Goal 5: Mechanisms of Atherosclerosis
Apply knowledge of immunologic principles, inflammation, and tissue repair to explain atherosclerosis and its complications.

• Objective 1: Factors Contributing to Endothelial Injury
  Explain how environmental factors (including elevated cholesterol and LDL complexes, infection, and smoking) can contribute to endothelial cell injury.
• Objective 2: Feedback in Endothelial Damage
  Describe the positive feedback loop in which damaged endothelial cells cause further endothelial damage.
• Objective 3: Atherosclerosis Plaque Rupture
  Predict the local and distant consequences that are likely to follow rupture of an atherosclerotic plaque and the resultant clinical presentation.
• Objective 4: Vascular Aneurysm
  Describe the morphologic changes in atherosclerosis and discuss how atrophic changes in the vessel wall may result in aneurysm formation.

Goal 6: Vascular Damage and Thrombosis
Apply knowledge of the cellular response to injury and basic hemodynamic principles to explain how defective or excessive inflammatory and reparative processes damage blood vessels and how this damage results in thrombus formation.

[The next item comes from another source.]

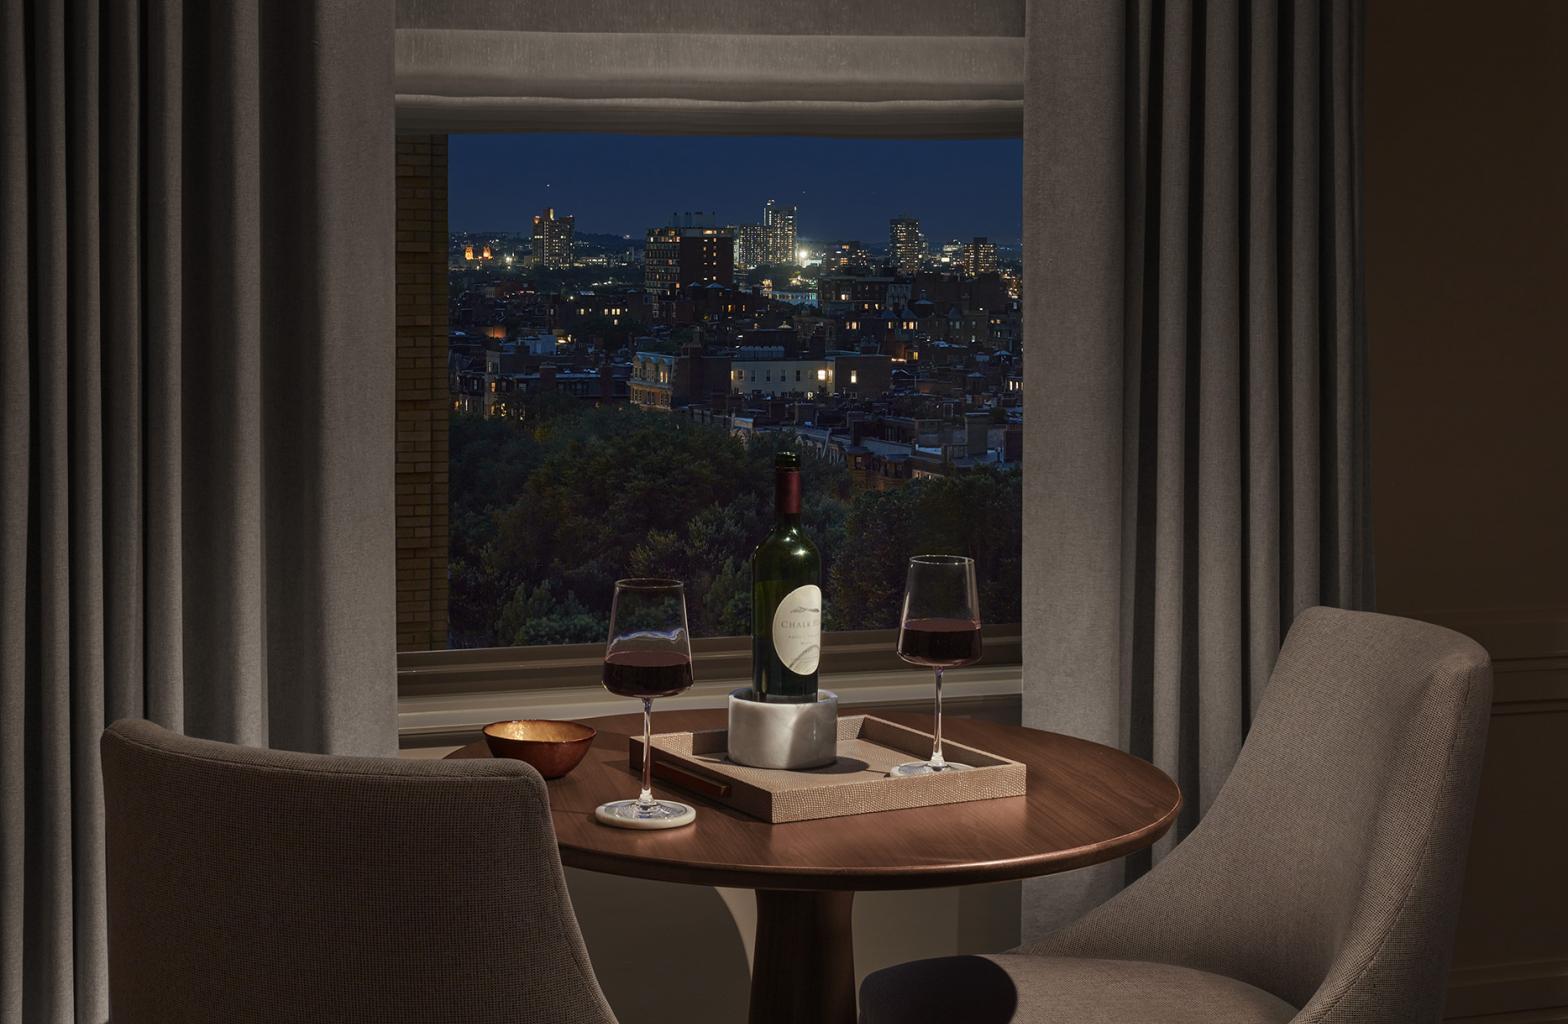 dimly lit sitting area with wine and wine glasses sitting on table beside evening view of city

• Objective 1: Thrombus Formation
  Discuss the steps in thrombus formation and its predisposing factors.
• Objective 2: Aortic Aneurysm and Dissection
  Compare and contrast aortic aneurysms and aortic dissections in terms of their predisposing factors, the sites of involvement, and patient populations likely to be affected.
• Objective 3: Abdominal Aortic Aneurysm
  Describe the clinical consequences of an abdominal aortic aneurysm.